Task inputs:
____
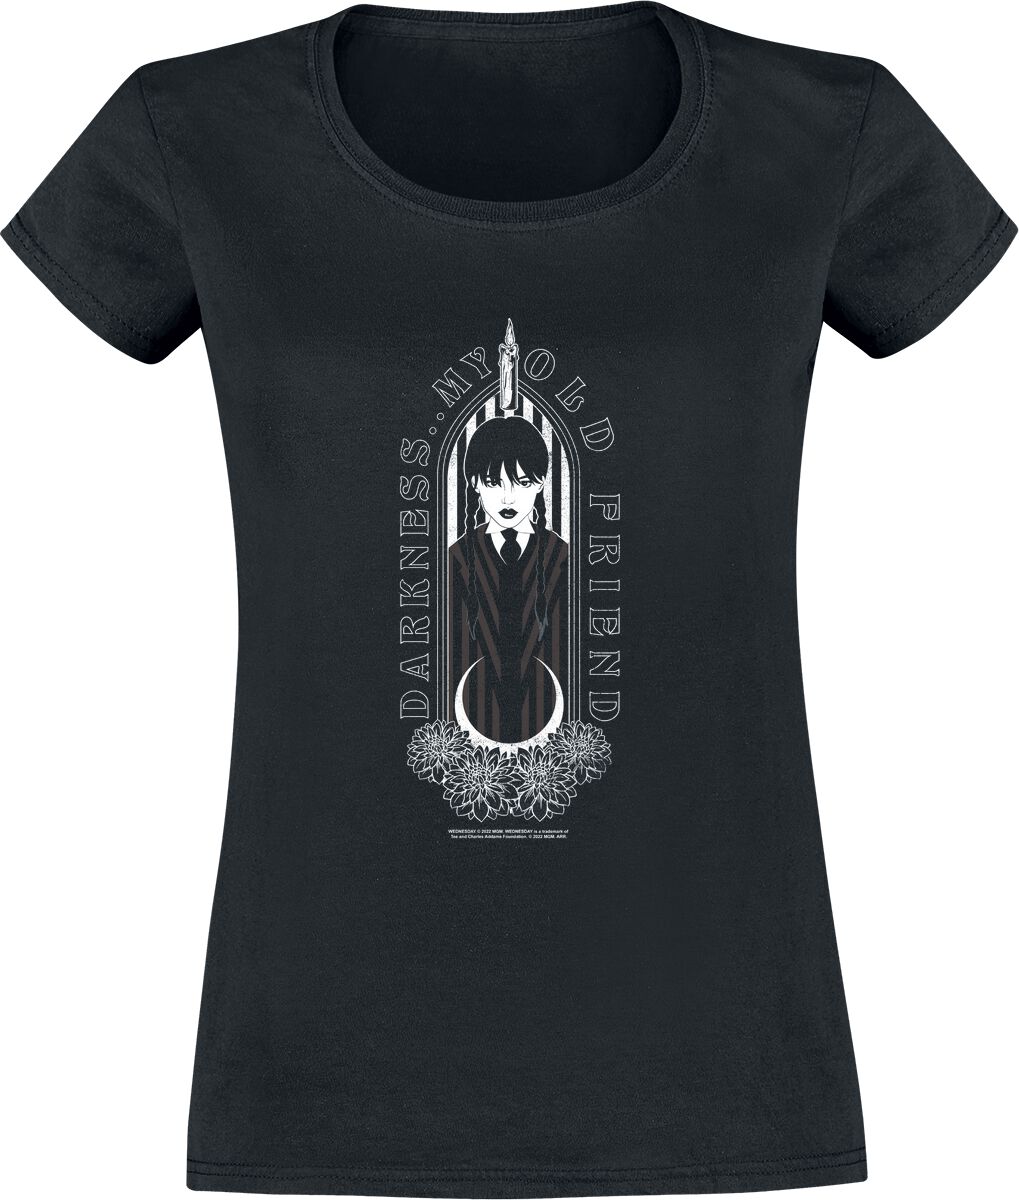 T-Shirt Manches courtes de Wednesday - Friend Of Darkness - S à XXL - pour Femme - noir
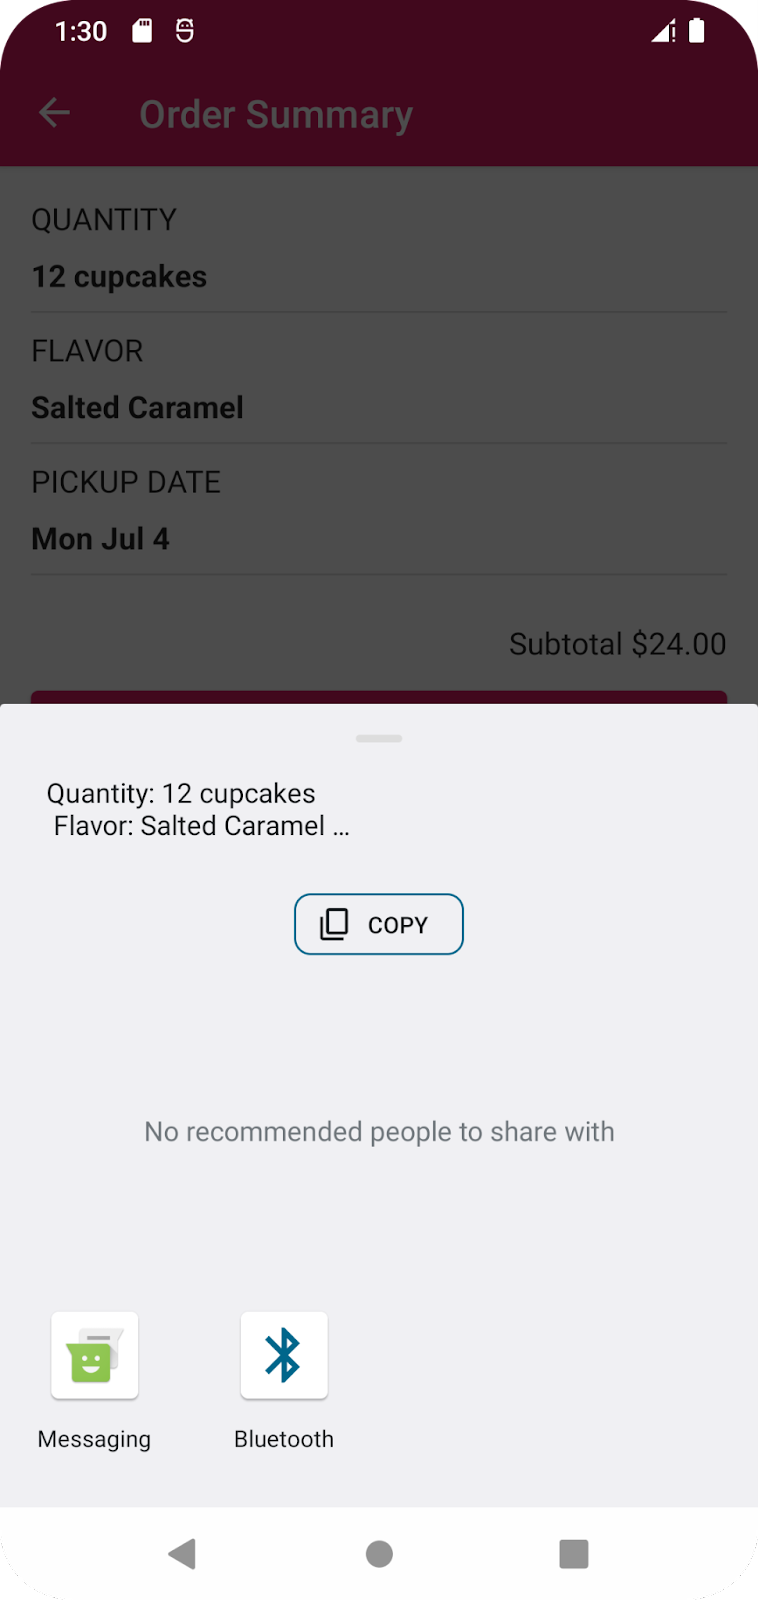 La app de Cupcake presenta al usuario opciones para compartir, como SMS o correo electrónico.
____
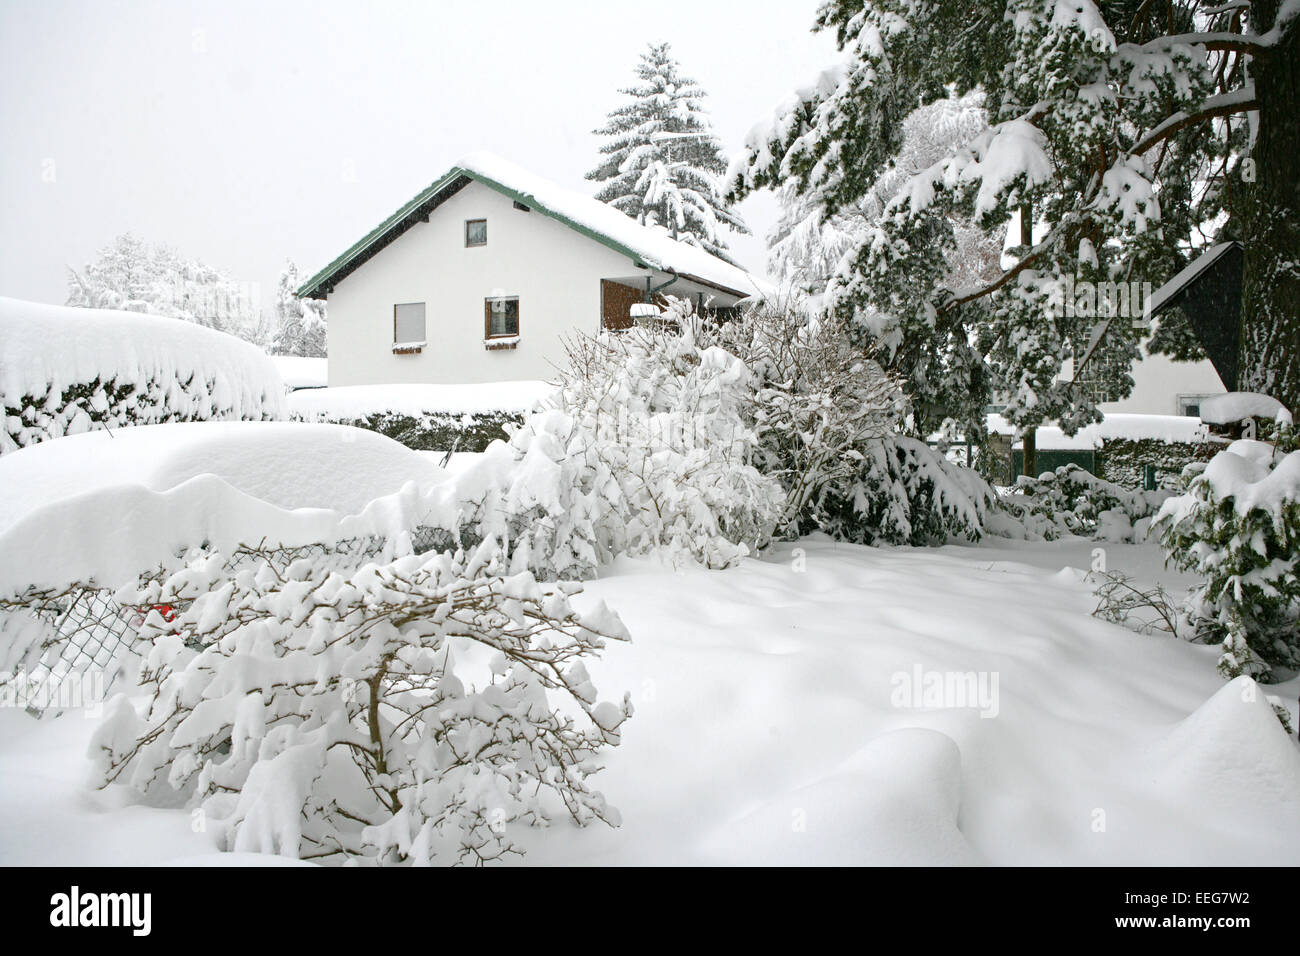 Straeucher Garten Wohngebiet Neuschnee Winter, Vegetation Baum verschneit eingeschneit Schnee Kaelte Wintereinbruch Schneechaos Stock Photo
____
Problem:
Copy the lines above exactly, starting with the line that contains "T-Shirt Manches courtes" and ending with the line that contains "La app de Cupcake", and leave out any pictures.

Finished task:
 T-Shirt Manches courtes de Wednesday - Friend Of Darkness - S à XXL - pour Femme - noir
 La app de Cupcake presenta al usuario opciones para compartir, como SMS o correo electrónico.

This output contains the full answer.